Once Colgan identifies a theme, there are four elements left to fulfill, including flavor, texture and color. For the all-important flavor, Colgan says you need all five tastes represented — sweet, sour, salty, bitter and umami — to make a balanced, pleasing salad.

“Sour is easy because it can come from the vinegar or lemon in your dressing,” he says. The sweet is usually from a squeeze of honey or agave added to the dressing, but fresh, roasted or dried fruits are great too, as are flavored vinegars, like the housemade blood orange pomegranate vinaigrette in Mixt’s Sunshine salad.

Many greens, like arugula, watercress and frisée, provide natural bitterness. That might seem off-putting, but it’s actually refreshing to the palate, Colgan says. And then, there’s the punch of umami, which gets him downright giddy.

“I could talk about umami all day,” he says.

It can come in the form of pancetta, like the Kale with Pancetta, Feta and Balsamic Vinaigrette salad served at Nick’s Cove in Marshall, or from roasted mushrooms. At Mixt, they’re tossed with mixed greens and roasted butternut squash and dubbed the Forage salad. A dash of Worcestershire or soy sauce in your dressing adds umami. So does a dusting of cheese, like asiago or parmesan, Colgan says.

Kale with Pancetta, Feta and Balsamic Vinaigrette is simple yet hearty and calls for ripe tomatoes, just in time for summer. (Courtesy Frankie Frankeny) 

Then, there’s texture — toasted seeds and nuts, freshly made herb croutons, candied cashews and the umami crunch bomb Colgan calls Asiago Seed Crackle.

“It’s asiago, fontina and parmesan tossed and baked with pumpkin seeds, black and white sesame seeds and poppy seeds, and it’s amazing,” Colgan says. “I absolutely love crunch,”

One of Colgan’s last salad rules is color. “We eat with our eyes,” he says. “That’s why when you walk into Mixt, you’re like, ‘Oh, here’s a rainbow.'”

Pickled red onions add vibrant hues (and sour flavor, yay) to almost any salad. Fresh herbs are another great color and flavor hack, like the cilantro and mint in Janet Fletcher’s Chopped Summer Vegetable Salad with Farro, Yogurt and Za’atar, or the basil and mint duo in Mixt’s Sunshine salad, which also benefits from the brightness of radishes and oranges.

The final building block? It’s a bit cheesy but Colgan is dead serious.

“Don’t forget the love,” he says. “I try to maintain a positive vibe and atmosphere when I make a salad. “If you have those five elements I promise you you’re going to have a great salad.”

A word on salad dressing

Make it yourself. Invest in a high-quality vinegar and olive oil. Keep garlic or shallots around for mincing.

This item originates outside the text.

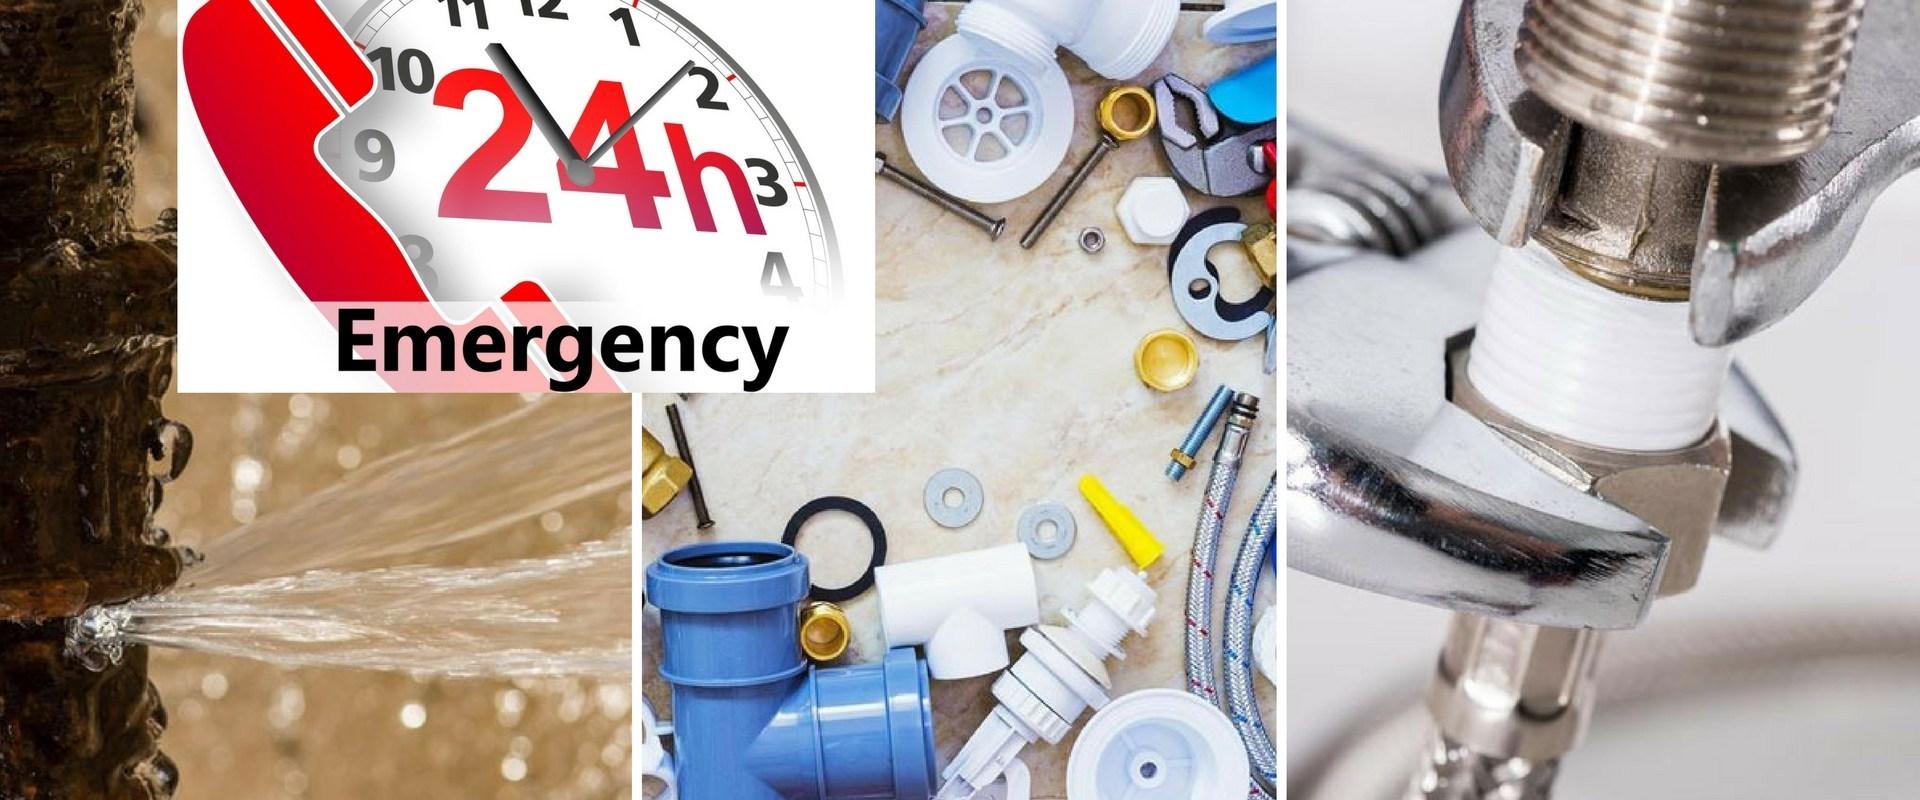 landsborough-emergency-plumbers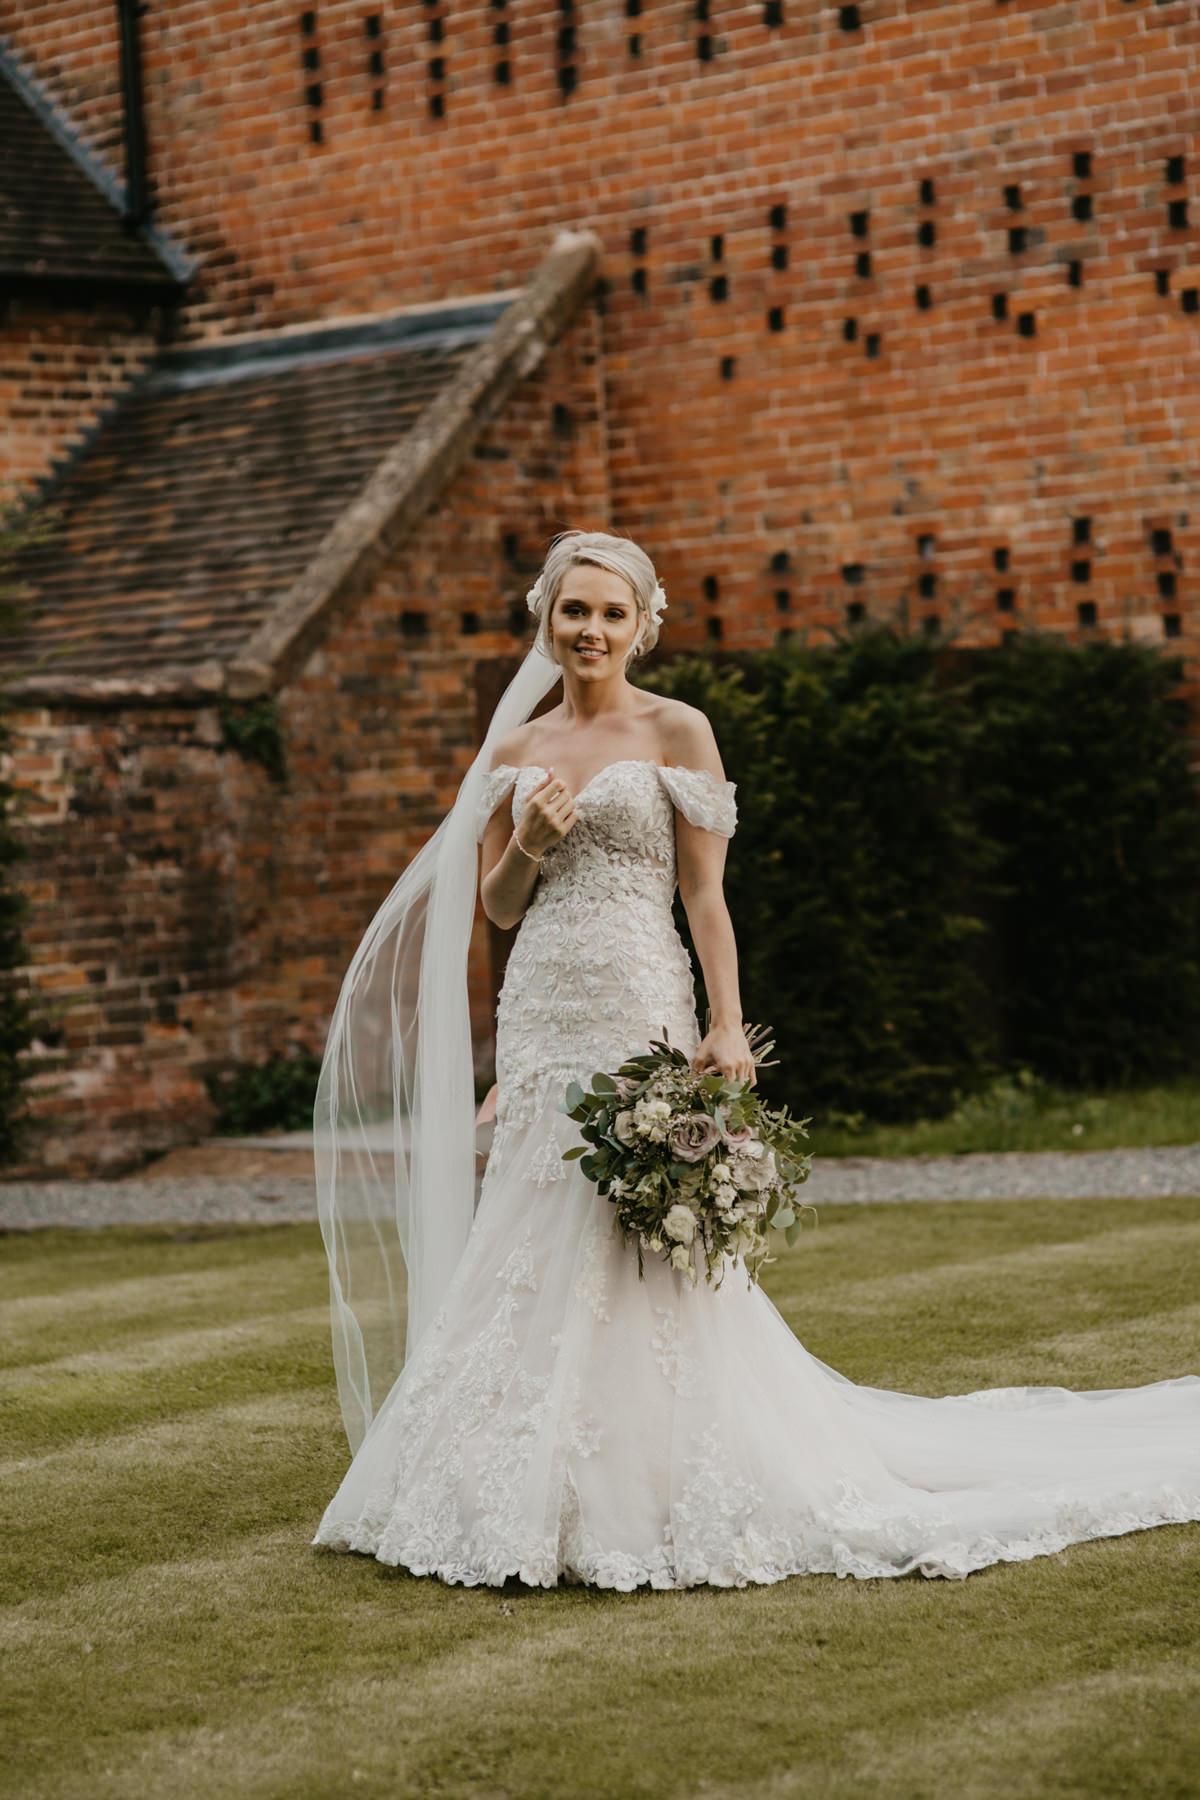 Shustoke Barn wedding portraits of bride

Voila, salad dressing.

You’ll get the most out of your dressing if you sprinkle salt on your greens first, then toss everything with your hands for even distribution.

A Colgan hack inspired by renowned chef Jose Andres: When he gets to the bottom of the mayo jar, he pours pickle juice in it and shakes. Boom. Dressing.

To make a quick Caesar, Colgan pounds anchovies and garlic in a mortar and pestle — “easier than getting out the blender” — and adds hot sauce, lemon juice, Worcestershire, olive oil and mayo.

His creamy dressing? Ranch made with Greek yogurt, parsley, chives, red wine vinegar and lemon, touch of mayo, garlic, honey, salt and pepper. Too thick? Add a little milk.